Mutation rate and subtype specific mutation

MBDcap-seq is a DNA sequencing technology capturing methylated regions by utilizing affinity between MBD protein and methylated DNA sequence. To investigate the relationship between methyl-CpG mutation and their methylation level, genome wide point mutation discovery (matches short reads to the hg19 build) was performed on MBDcap-seq data by using the mpileup algorithm in the Samtools suite (version 0.1.19) [43]. Minimum base quality for a base to be considered was set to 13, and maximum reads per sample was set to 250. By incorporating sequence and quality information and mismatch sharing rates across the samples, every read having mismatches with the reference genome was statistically tested to determine whether or not the observation was due to sequencing error.
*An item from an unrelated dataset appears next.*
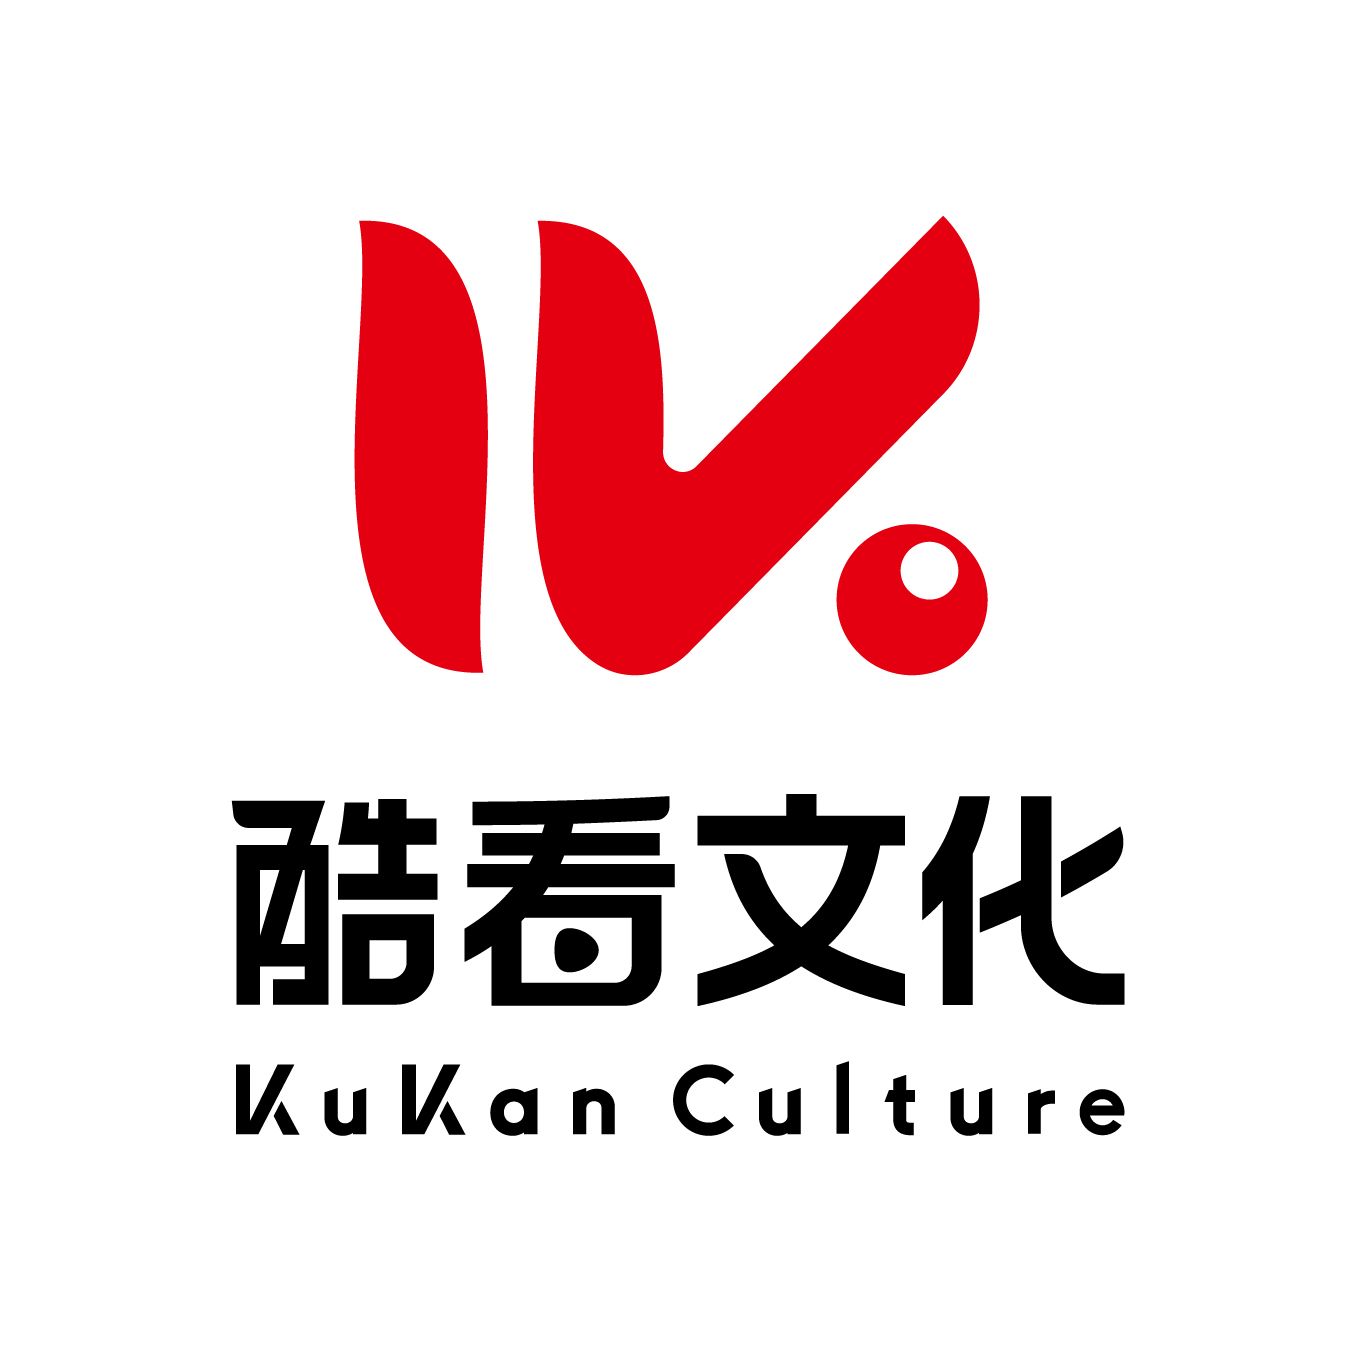 Kukan Culture Logo

In order to reduce false mutation detection caused by misaligments and indel, base alignment quality (BAQ), Phred-scaled probability of a read based being misaligned, is applied to each base [44]. In addition, anomalous read pairs in variant calling were skipped. Finally, mutation rates within a certain methylation range across the tumor subtypes were computed. We defined mutation rate as the ratio of number of cytosine substitution occurrence over the number of all CpG sites. In order to estimate statistical significant of computed mutation rate within certain methylation range, the mutation rate information is pooled into subtypes and tested by ANOVA with Bonferroni correction. In addition to detecting variants from all samples, subtype specific mutations were also measured. Each detected mutation was checked as to whether the observation was from all samples or only certain tumor subtype samples. We defined a subtype specific mutations as those that occurred in at least 30% of a particular subtype but in less than 10% of the other two subtypes.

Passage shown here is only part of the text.